Little flower by a mossy bank

Half hidden from the eye!

– Fair as the star, when only one

Is shining in the sky.

[from "She Dwelt Among the Untrodden Ways," William Wordsworth, 1799]


It speaks of a heart – poetry, music – how do you say things except sometimes in a song?  There’s just something in you, and it expresses itself that way.  For no usefulness at all, just that it’s in your heart, it’s in your soul.  In the world in which I live, there’s just no way that I could say it except sometimes,


Happy day, happy day, when Jesus washed my sins away!

He taught me how to watch and pray, and live rejoicing every day;

Happy day, happy day, when Jesus washed my sins away!

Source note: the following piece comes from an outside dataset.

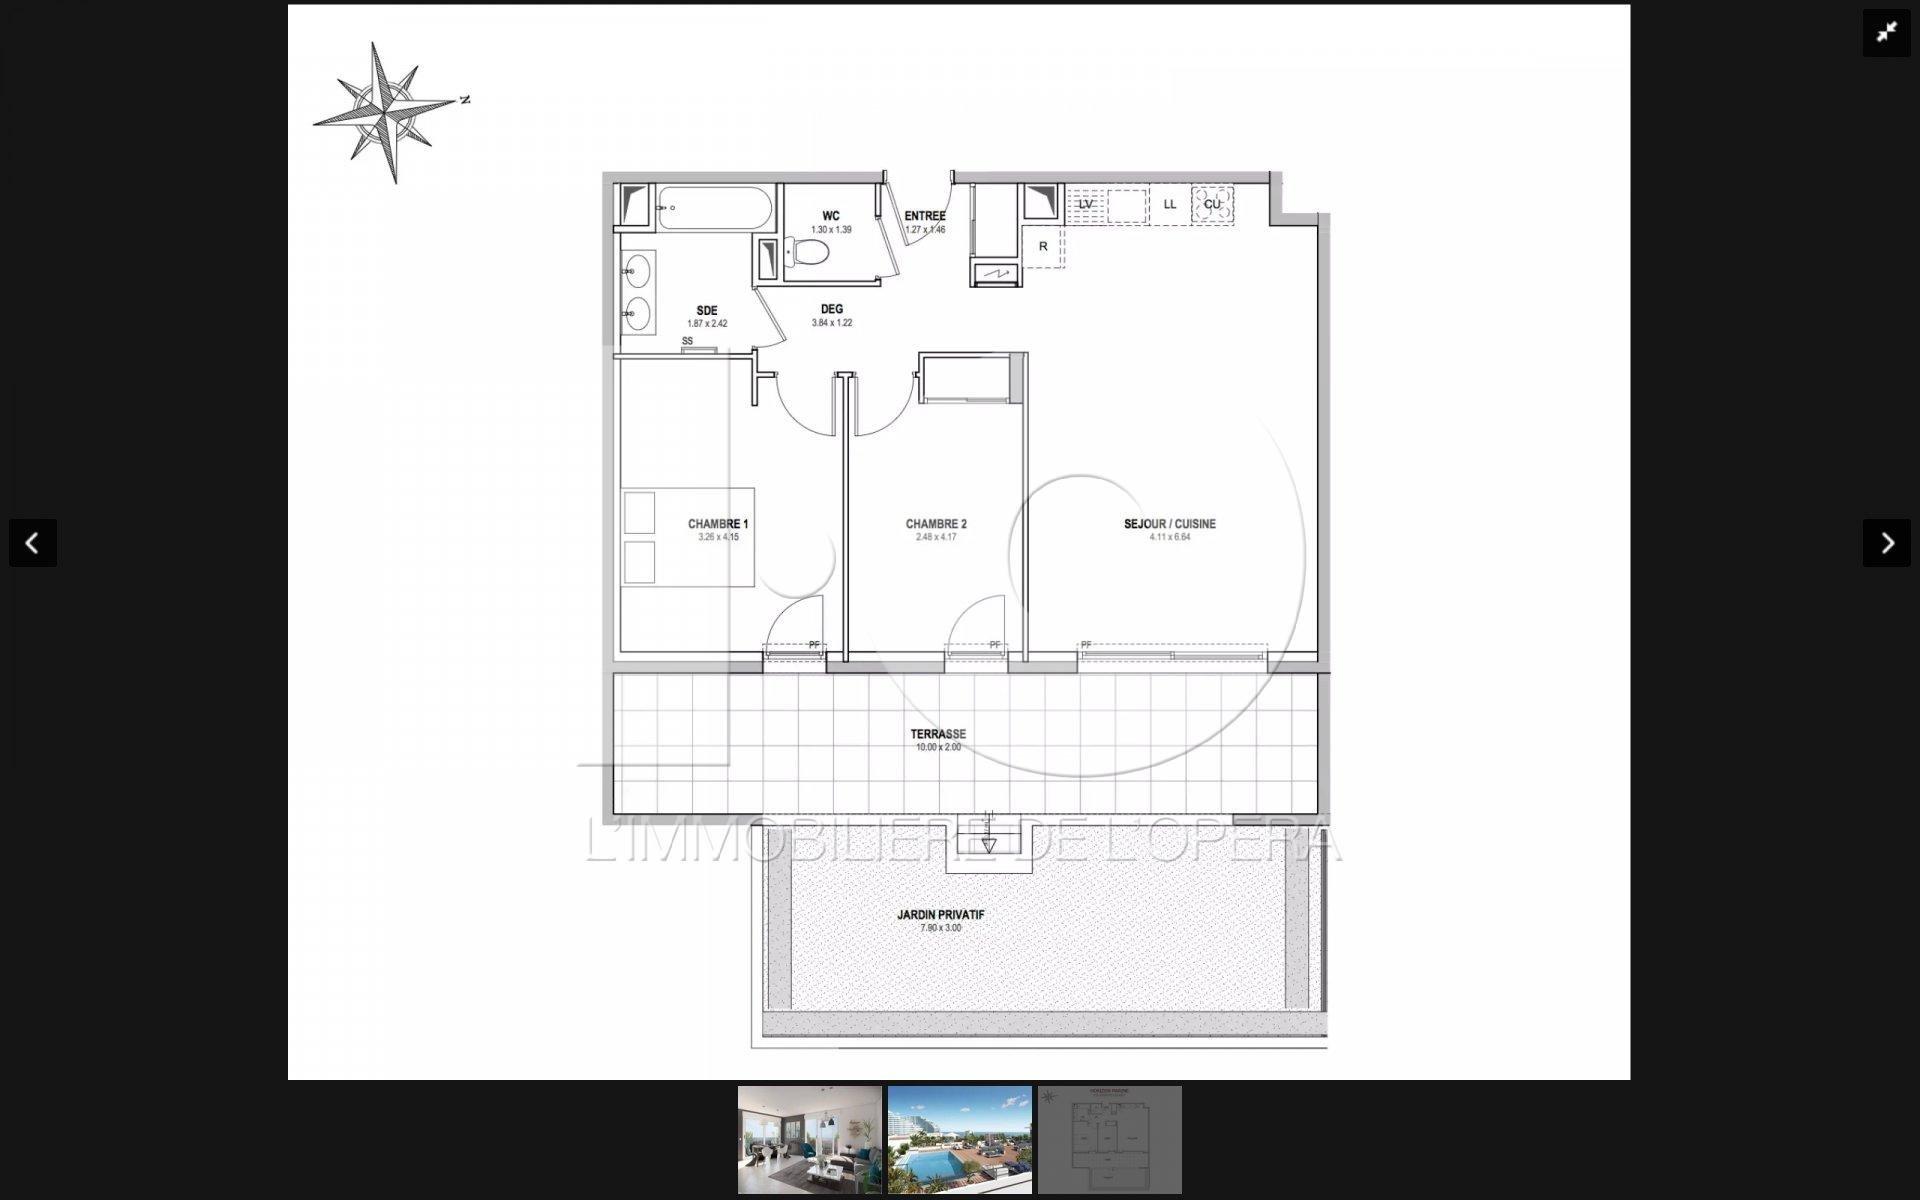 06 VILLENEUVE LOUBET - SUPERBE Appartement 3 pièces

["O Happy Day," Phillip Doddridge, 1854]


Just no way to say it but in a song.  Or the preciousness of our Savior, the refuge in Him:


Rock of Ages, cleft for me,

Let my hide myself in Thee!

Let the water and the blood,

From Thy flowing wounds which flowed,

Be for sin a double cure,

Save from wrath and make me pure.


["Rock of Ages," Augustus M. Toplady, 1776]


Or the hope of a by and by where mother and father are, where so many the saints have gone:


There’s a land that is fairer than day,

And by faith I can see it afar,

For the Father waits over the way

To prepare us a dwelling place there.

In the sweet by and by.


["In the Sweet By and By," Sanford F. Bennett, 1868]

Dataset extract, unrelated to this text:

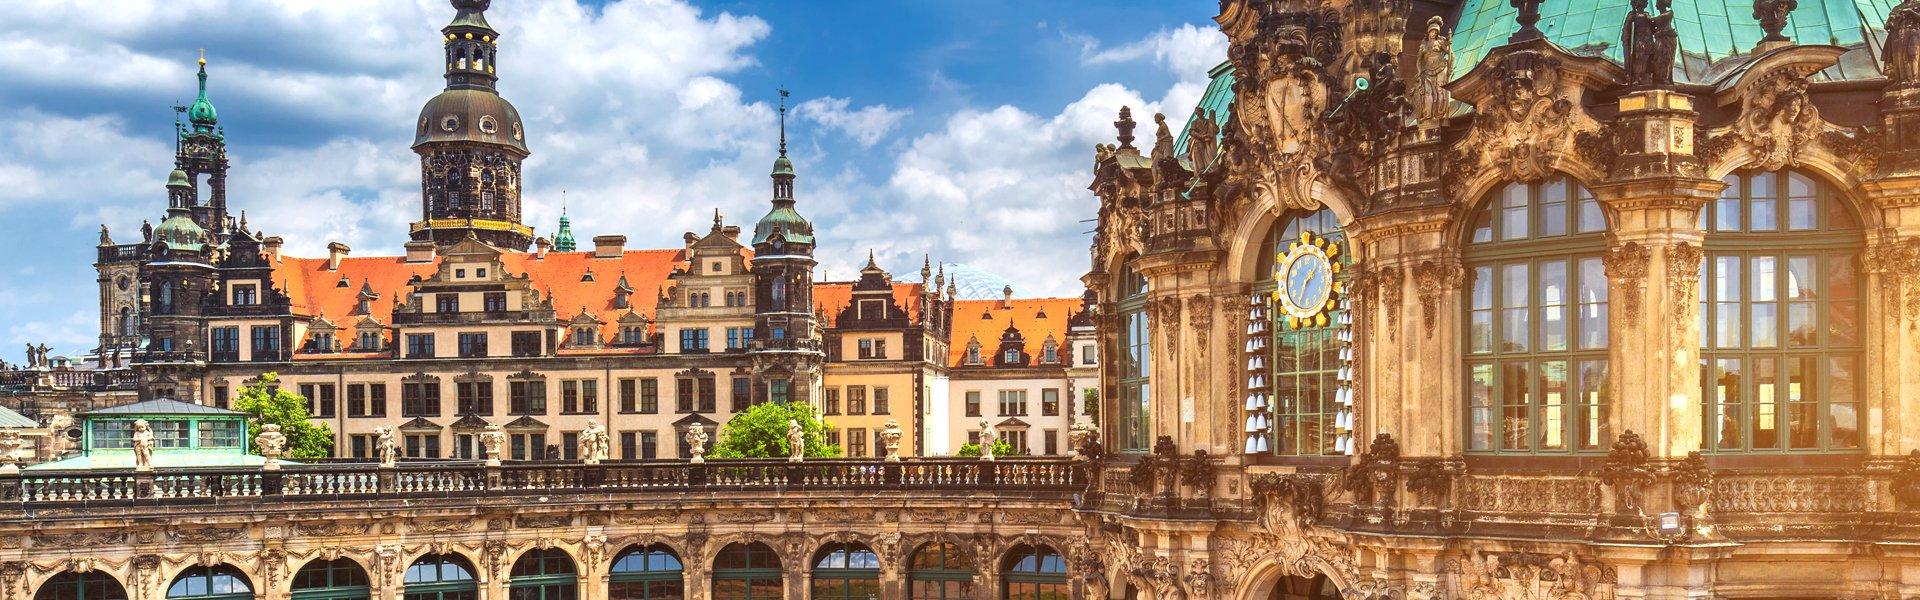 Zwinger in Dresden, Duitsland

Music, or art.  Why, you could take a photograph of a thing, and it will be exactly and precisely and identical, that thing.  But an artist, not painting just to paint, but what he feels about it, that’s the expression of his soul.  A sculptor, why, here’s a great big rock of solid granite or solid marble, what a magnificent piece it would make in a foundation or a wall, but there’s something in a man, take that same piece of heavy marble and chisel it, and it’s a Pieta, you feel it; or a Moses, you just feel it.  That’s in the soul.  Well, why was not the marble used for the foundation of a wall?  Because there’s something of the image of God in us, some of the extravagances of the Lord.  And those things are particularly poignant when they are intimately pressed into our souls.  A boy falls in love.  Just exactly what good reason is there for buying that beautiful engagement ring?  Just what purpose does it serve?  Any boy in the world that falls in love with a girl ought to buy the most expensive engagement ring he can, go in debt for it if he pays it the rest of his life.  He ought to do it.  He ought to do it.  He just ought to.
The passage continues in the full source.